CAIRO — As the intense rivalry between Saudi Arabia and Iran continues to threaten Middle East stability, Egypt has been trying to play a mediating role. When the crisis recently extended into Lebanon, Cairo began deploying efforts to keep the small country from being dragged into a regional military conflict.
Egypt's foreign initiatives coincide with escalating tension between Saudi Arabia on one side and Iran and Hezbollah on the other. Hezbollah, a Shiite militant group, is based in Lebanon but is backed by Iran. Saudi Arabia is pressuring Lebanon to put a lid on Hezbollah activity.
Many believe part of that pressure involved the surprise resignation of Lebanese Prime Minister Saad Hariri. On Nov. 4, Hariri abruptly announced his resignation in a televised speech from Riyadh. Hariri cited death threats against him and accused Hezbollah and Iran of disseminating strife in the region.
Hariri withdrew his resignation two weeks later after a flurry of diplomatic activity.
In mid-November, Egyptian President Abdel Fattah al-Sisi dispatched Egyptian Foreign Minister Sameh Shoukry to deliver private messages to Arab leaders on a three-day tour that included stops in Saudi Arabia, Jordan, the United Arab Emirates, Kuwait, Bahrain and Oman. According to the ministry, Shoukry’s tour came “as part of consultations between Egypt and brotherly Arab [states] in light of the political developments in Lebanon and the growing challenges [threatening] the security of the region.”
Then, during a Nov. 19 emergency session of Arab League foreign ministers in Cairo, Shoukry and others called for Iran to immediately stop providing support for armed militias in Arab countries. He noted that Iran has been aware of this stance and added, “Iran should take a clear position confirming its commitment to respect the sovereignty of Arab states.”
The majority of Iranians are Persian; only about 2% of its population is Arab.

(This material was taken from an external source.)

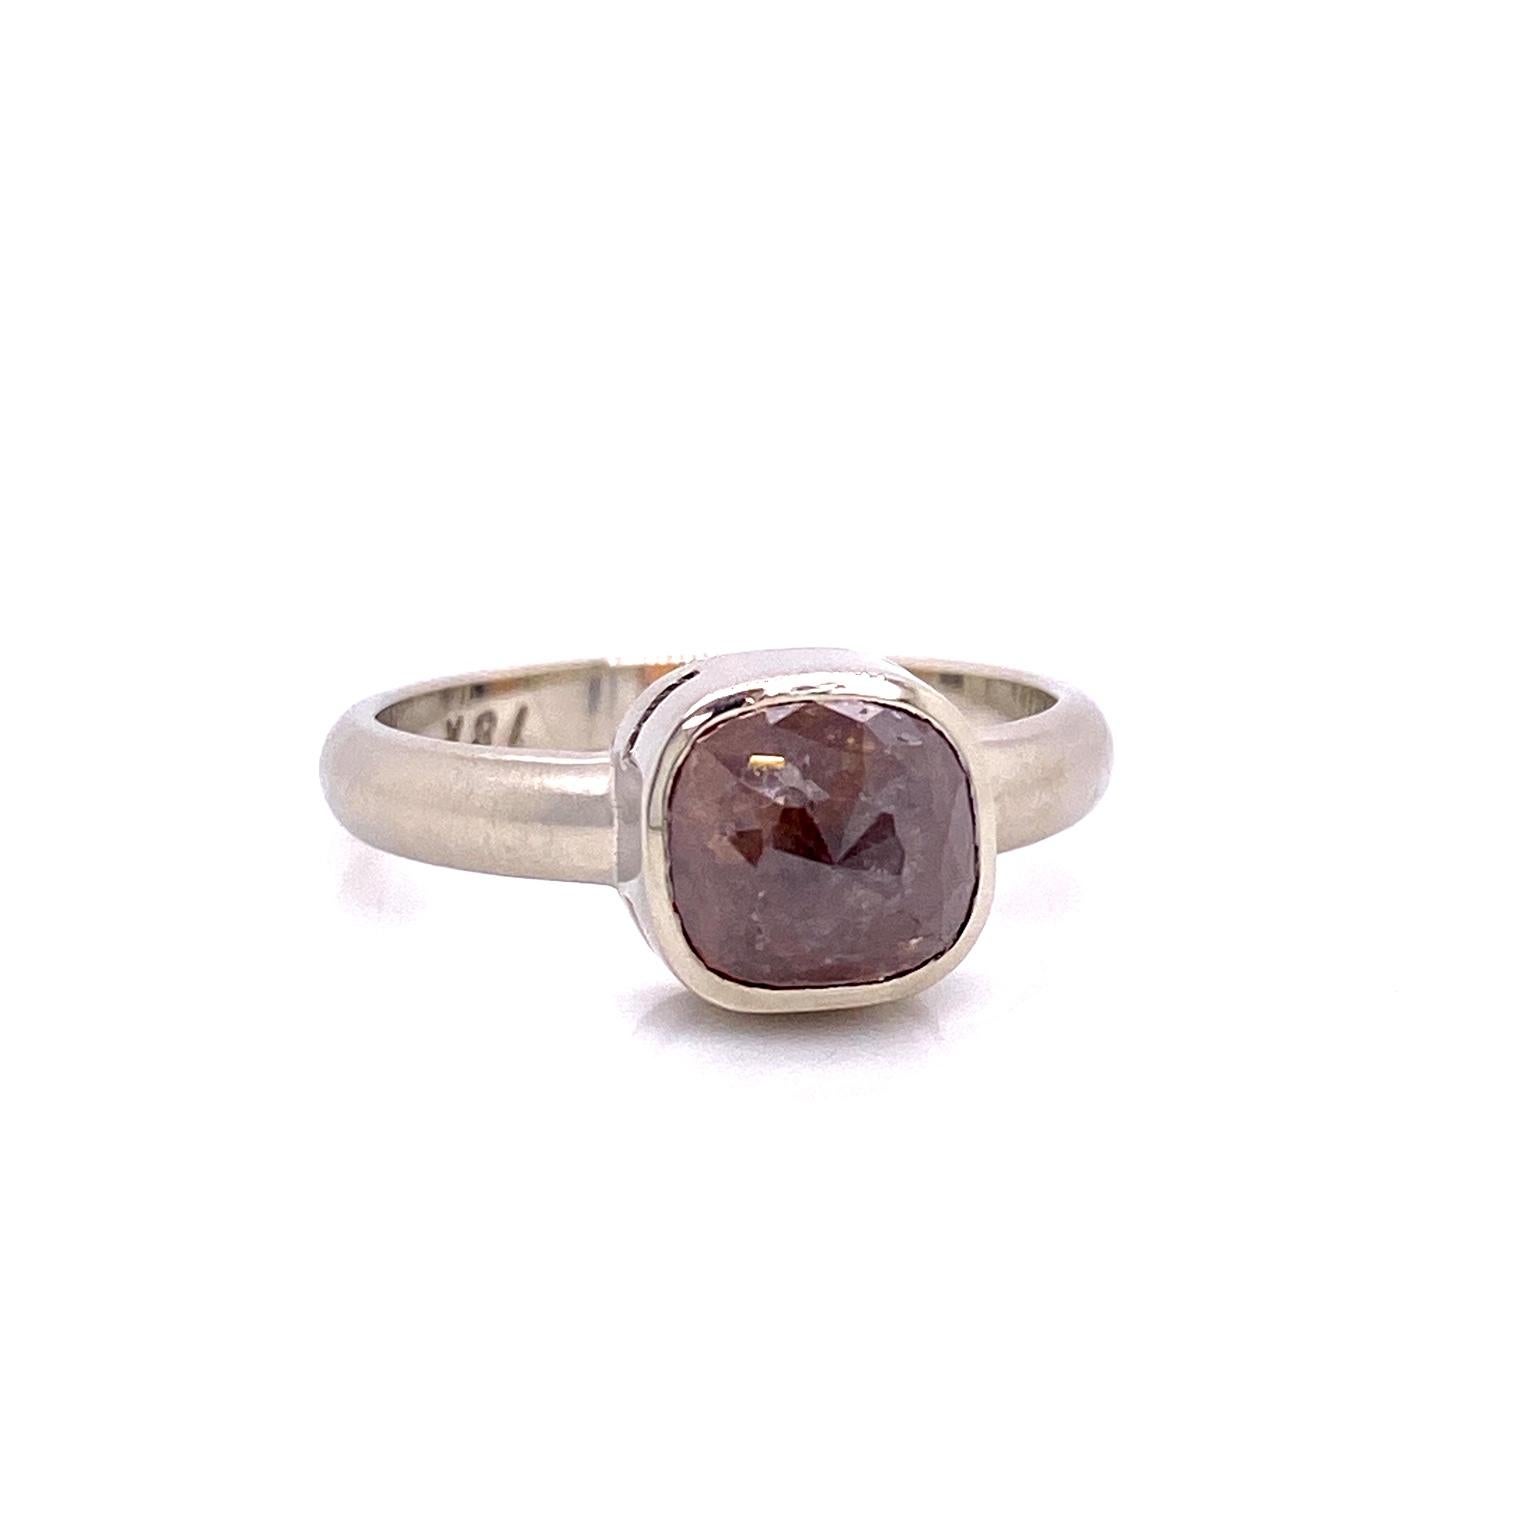 Ein 18k Weißgold Ring Lünette mit einem 3,05 Karat Kissen geschliffenen grauen Rose geschliffenen Diamanten gesetzt. Ring Größe 7. Dieser Ring wurde von llyn strong entworfen und hergestellt.

Meanwhile — after meetings that involved Hariri traveling to Egypt and then to Paris to meet with President Emmanuel Macron, as well as a call between Aoun and Sisi — Hariri returned to Lebanon and, on Nov. 22, withdrew his resignation upon Aoun’s request — a step they said aimed to defuse the escalated tensions in the Middle East. Hariri said his talk with Sisi had focused on “the need for Lebanon to distance itself from the regional conflicts.”
In the same report, the paper also cited anonymous sources as saying Egypt had asked the UAE to pressure Saudi Crown Prince Mohammed bin Salman "not to take erratic steps, but rather to stabilize the situation in Lebanon by allowing Hariri to review his Lebanese agreements and remain in the premiership.”
It seems Sisi’s flexible foreign policy has given his country the reputation of a pragmatic mediator. This was made clear Oct. 12 when, under Egyptian sponsorship, the rival Palestinian movements Fatah and Hamas signed a reconciliation deal to end their 10-year division.
Gilan Gabar, a member of the Egyptian Council for Foreign Affairs (ECFA), said, “Egypt succeeded in curbing the crisis [in Lebanon] to prevent a military [confrontation] and limit it to a political context.” Gabar told Al-Monitor by phone, “The Egyptian mediation between the Arab Gulf and Tehran started effectively when the Lebanese crisis erupted.”
Lebanese political author Najat Sharafeddine told Al-Monitor by phone that the Egyptian mediation came at the direct request of Lebanon's Berri during his Nov. 5 meeting with Sisi in Egypt. She said, “Sisi [asked] Berri to deliver an implicit message to Hezbollah, asking the movement to lower its tone [to allow] for negotiations with Saudi Arabia.”
ECFA member Rakha Hassan told Al-Monitor that Egypt's vision doesn't align with Saudi Arabia’s concerning the [recent] developments in Lebanon, adding, “The Lebanese crisis was triggered by Saudi Arabia, not Iran.”
He added, “Iran is a regional force competing with Egypt, not an enemy. We maintain cautious relations with Iran to please the Gulf.”
Hassan believes the Egyptian mediation was widely welcomed in Iran, while Saudi Arabia expressed reservations.
Diplomatic ties between Cairo and Tehran have been severed since 1980, when deposed Iranian Shah Mohammad Reza Pahlavi found refuge in Cairo after the Iranian Revolution, considering Egypt to be a regional Sunni force. But since Sisi came to power in 2014, Egypt has been on a cautious and balanced foreign diplomatic path with regional countries, including Iran — which may not only be beneficial to Egypt itself, but also for the entire region.